Bev stands back up for the final panel where she talks about how Howard needs to find out why he’s such a danger magnet, setting up the page turn that reveals the sudden appearance of The Iron Punisher, a sentient Sentinel that wants to kill all superhumans. This sequence is the first time Howard and Bev make physical contact in the issue, and it’s only because Howard has to shove Bev out of the way of The Iron Punisher’s blast. He climbs up Bev’s body when they’re dangling off the edge of a cliff and then helps her up off the ledge, and it’s telling that their moments of closest proximity come when they get swept up in the superhero shenanigans that Bev has been trying to avoid.

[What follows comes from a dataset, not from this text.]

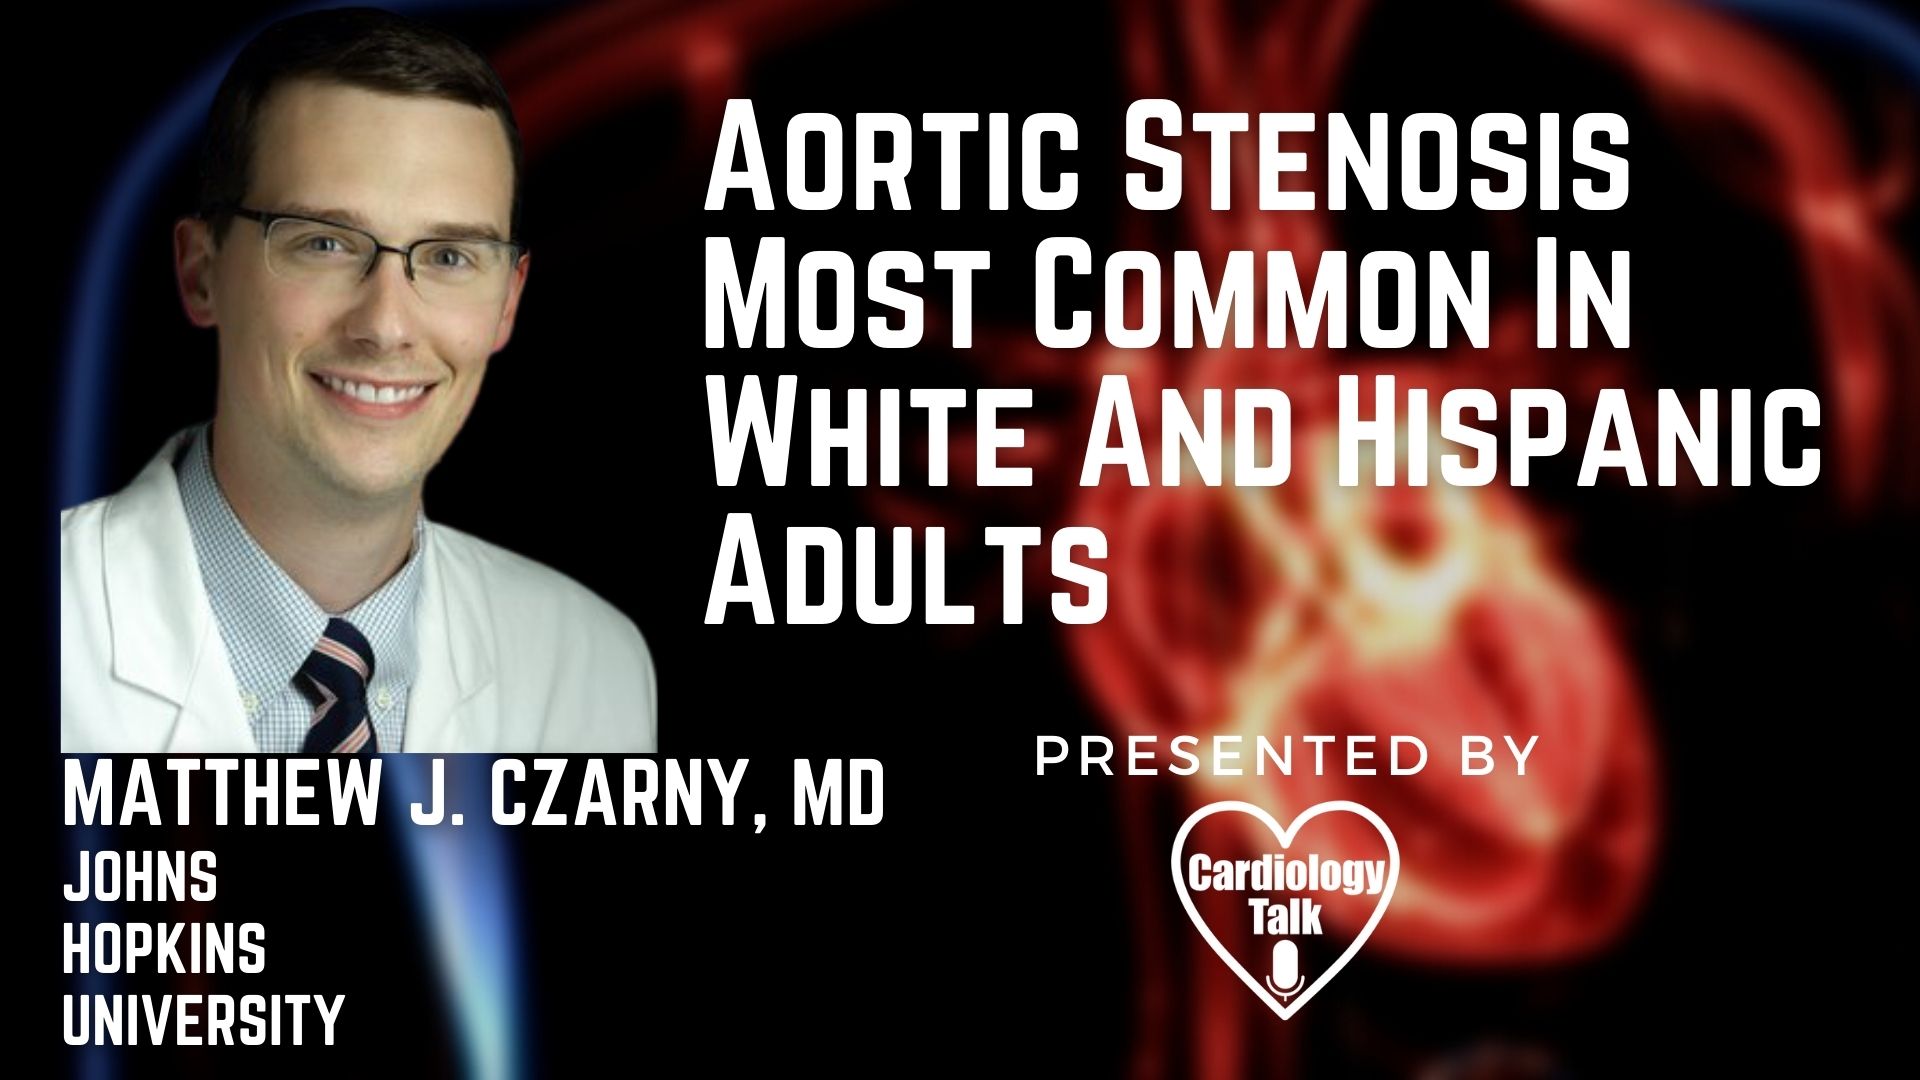 Matthew J. Czarny, MD @MatthewCzarnyMD @hopkinsheart @HopkinsMedicine #AroticStenosis #Cardiology #Research Aortic Stenosis Most Common In White And Hispanic Adults

Bev wants a normal life, but maybe she and Howard aren’t meant for a normal life, especially given the reveal at the end of the issue that Bev gained superpowers during one of their past adventures. During a study break from the fifth edition of Dan Flybert’s Diagnosing And Treating Birds (a book modeled on Zdarsky’s variant for his very first issue of Howard The Duck), Bev steps outside, looks to the sky, and briefly floats on air before coming back down to tell herself, “Just be normal.” It adds a brand new dimension to the scenes that preceded it, and the issue is even more rewarding on a second read with full knowledge of what Bev is keeping from her former best friend.
Gerber’s Howard The Duck run was one of the most clever, provocative, and imaginative superhero comics of its time, and while the newest Howard The Duck series is a different bird with a more contemporary storytelling sensibility, it hasn’t lost sight of the qualities that made Gerber’s run so remarkable. Never has that been more apparent than in this week’s Howard The Duck #8, and not just because Bev is back. Rather, the issue channels the spirit of Gerber’s work by adhering to this classic Gerber quote: “Life’s most serious moments and most incredibly dumb moments are often distinguishable only by a momentary point of view.” Zdarsky’s script for this issue fluctuates between moments of poignant personal reflection and spectacular superhero madness, and the latter ultimately works to intensify the former as the narrative becomes about Howard’s inability to escape the deadly superhero stupidity that won’t stop following him.
It might sound like Howard The Duck is about to go down an overly existential road, but the ending is a reminder that the book isn’t planning on losing any of the zaniness that has defined most of this run. After an exhausting reunion with Bev, Howard wakes up in his office to find his newest client: Lea Thompson, who played Bev in the notorious 1986 Howard The Duck movie. She needs Howard’s help to find herself, and it’s easily one of the strangest cliffhangers recently attempted by a comic book. The final page hits especially hard after all the feels in the rest of the issue, and it’s a refreshing burst of humor that gives the book a big boost of momentum as it heads into a three-issue arc starring Thompson. There’s still plenty of silliness in store for Howard and friends, but this week’s issue plants seeds that promise even more character drama down the line.